Informal Labour and Credit Markets: A Survey.



7 Conclusions

Since the initial studies on informality (ILO, 1972) and the influential work of De Soto
(1989), empirical and theoretical findings on the informal economy have been extensive
and often contrasting. Furthermore, the concept of informality has changed over time.
Chen (2007) describes the move from the ‘old’ view of an informal sector to a more
comprehensive concept of the informal economy (i.e. from the characteristics of the firm
to the characteristics of the employment relationship).
28 Open questions on the definition,
methods of estimation, causes and effects of the informal economy point to the need for
more work in the area.

We have reviewed two main approaches.
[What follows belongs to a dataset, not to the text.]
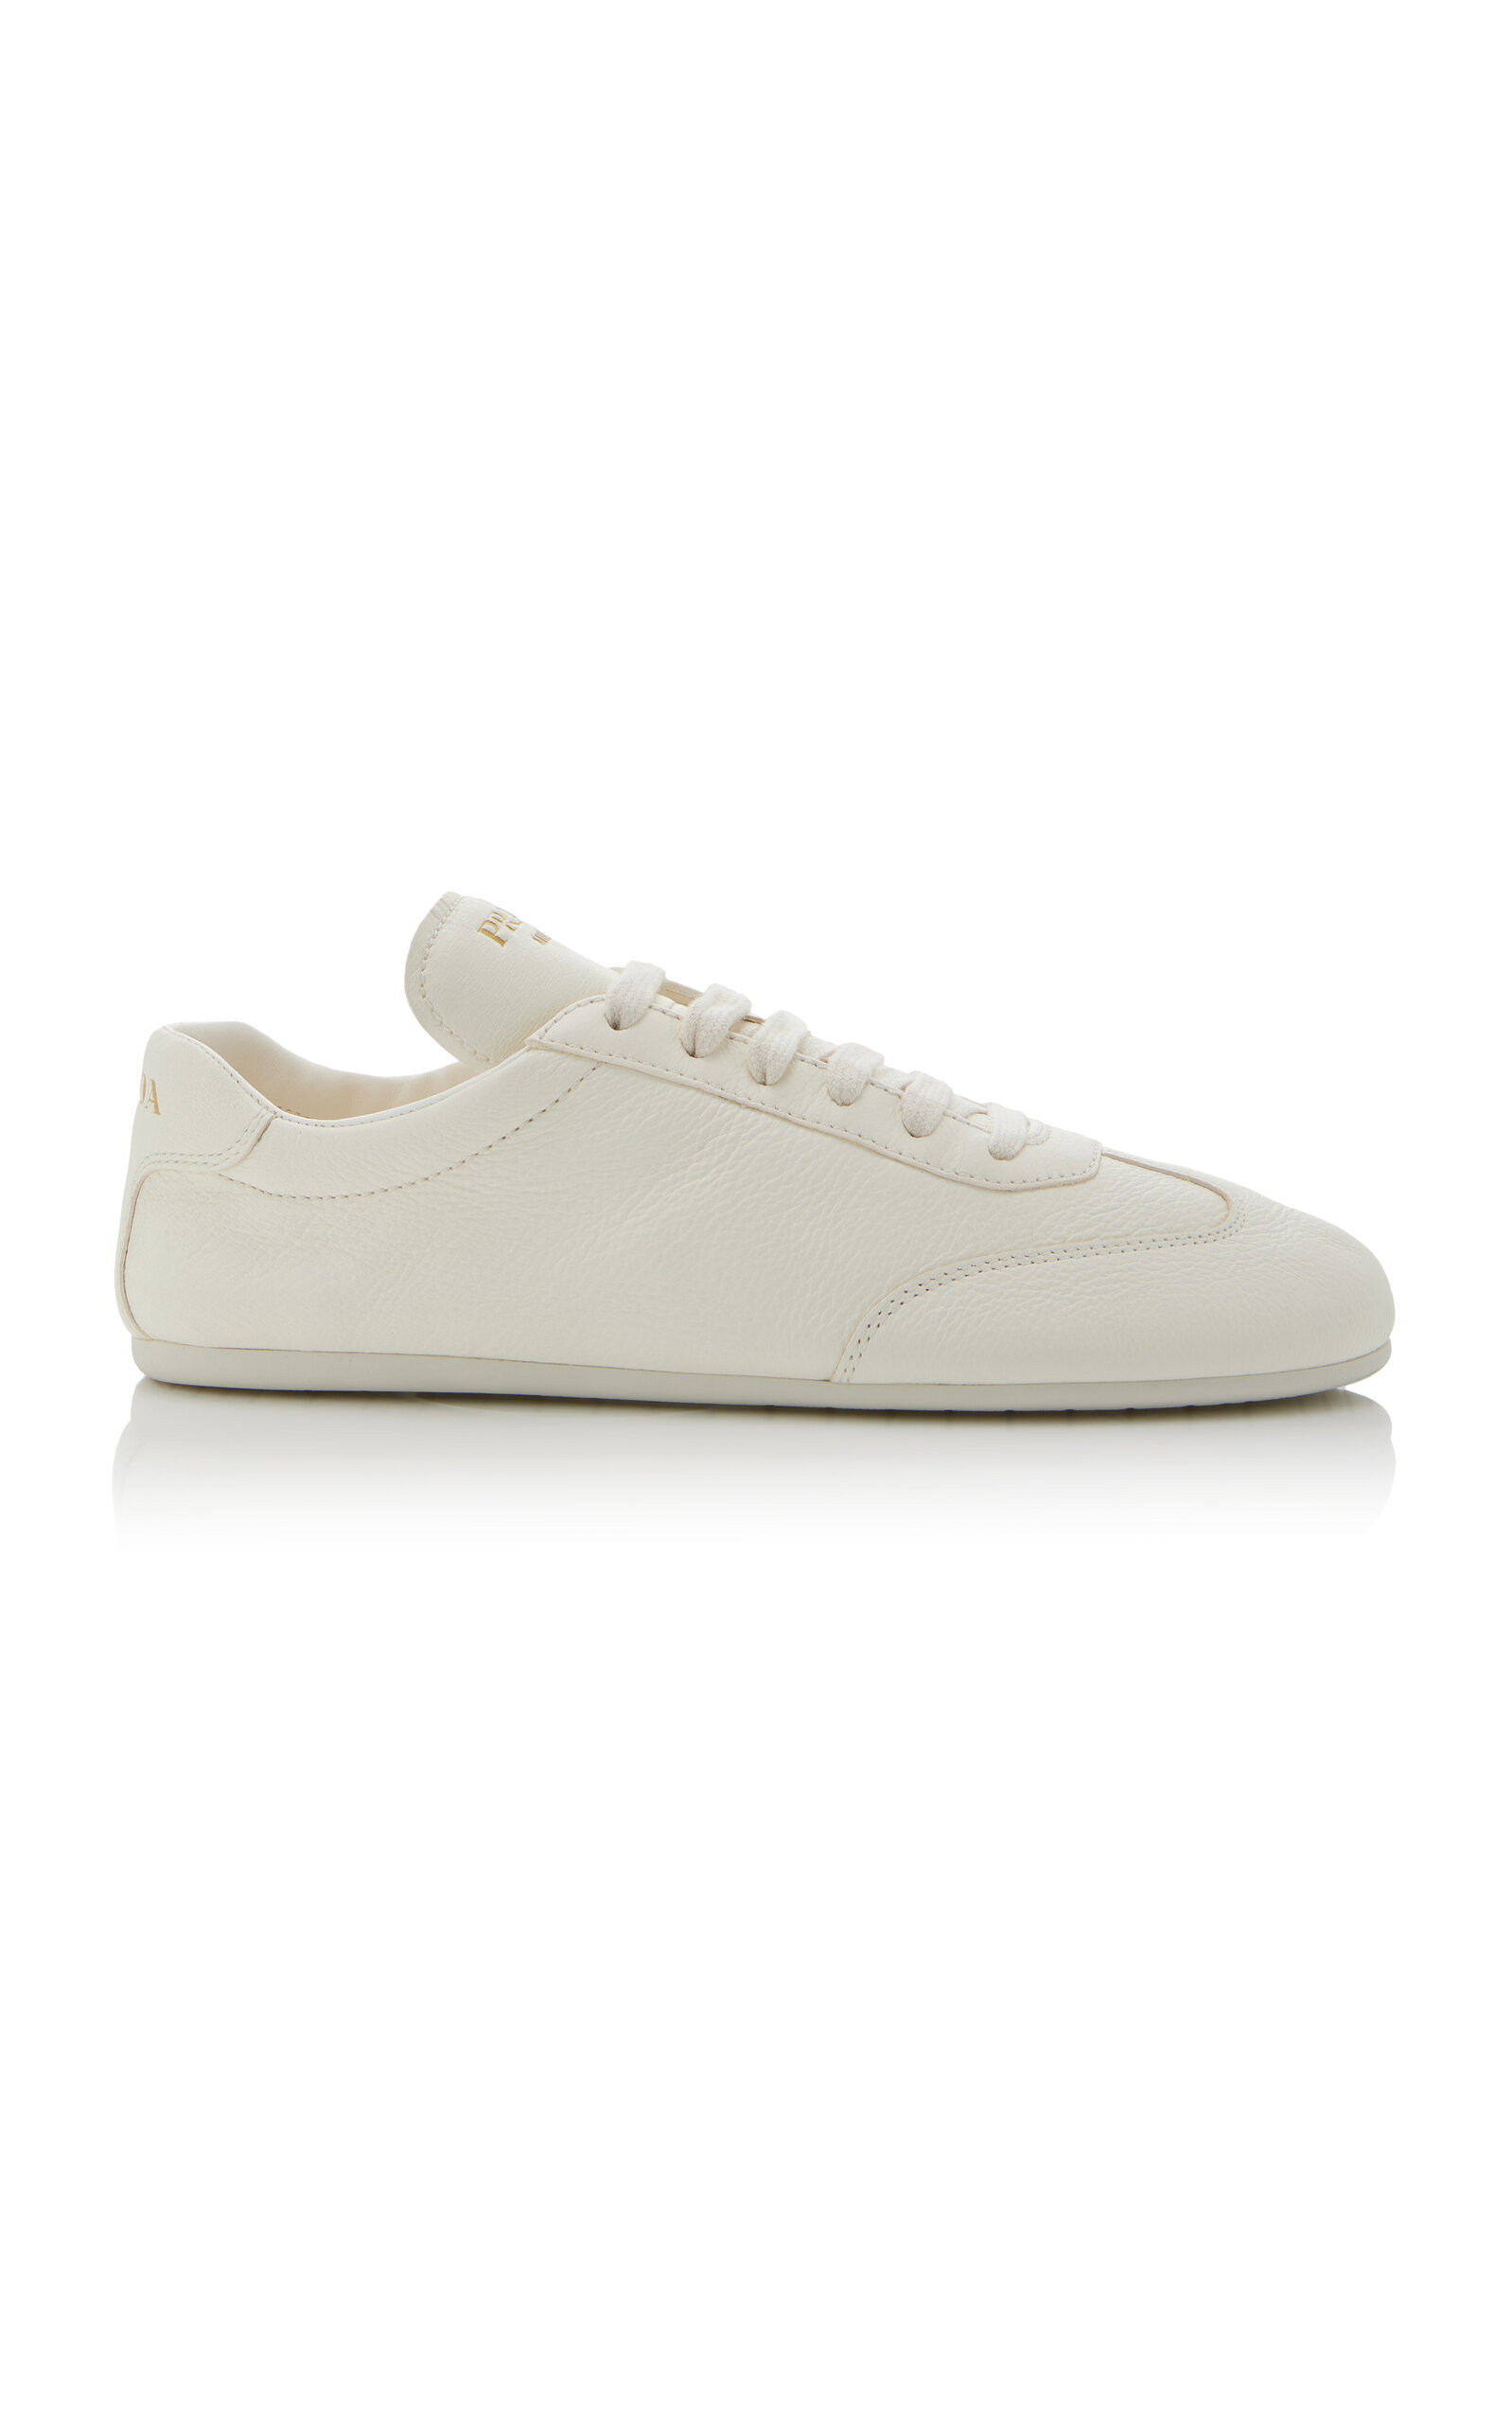 Prada - Leather Sneakers         - White - IT 36.5 - Moda Operandi

A strand of the informality literature focuses
on the theoretical issues of informality in the credit market. Another strand of theoretical
research investigates informality in the labour market. The two modelling approaches
address many of the stylized fact describes in section 2.4 (SF3, SF4, SF5, SF6, SF7 and
SF8 for the informal employment and SF15, SF18, SF19, SF20, SF21 and SF22 for the
informal credit markets), while others require further development (SF1, SF2, SF13, and
SF14 for the informal employment and SF 16 and SF17 for the informal credit markets).
Clearly, the two views share many theoretical and policy issues. In general, we are left
with few key questions. How effective are government policies in countries with a large
informal (and often) unobservable labour/credit markets? What are the links between
informality and (endogenous) growth? Can informality be good in some respects? What
is the link between informality and gender inequality? Our assessment of the literature is
that most of the existing models, though relevant, share a partial equilibrium approach
to informality. A closer scrutiny of the phenomenon able to capture various aspects of
informality (i.e. multi-informality in the product, labour and credit markets) requires a
dynamic general equilibrium approach in which households’ and producers’ choices over
time are explicitly taken into account.

28See ILO (1972), ILO (2002) and Table 2 for details.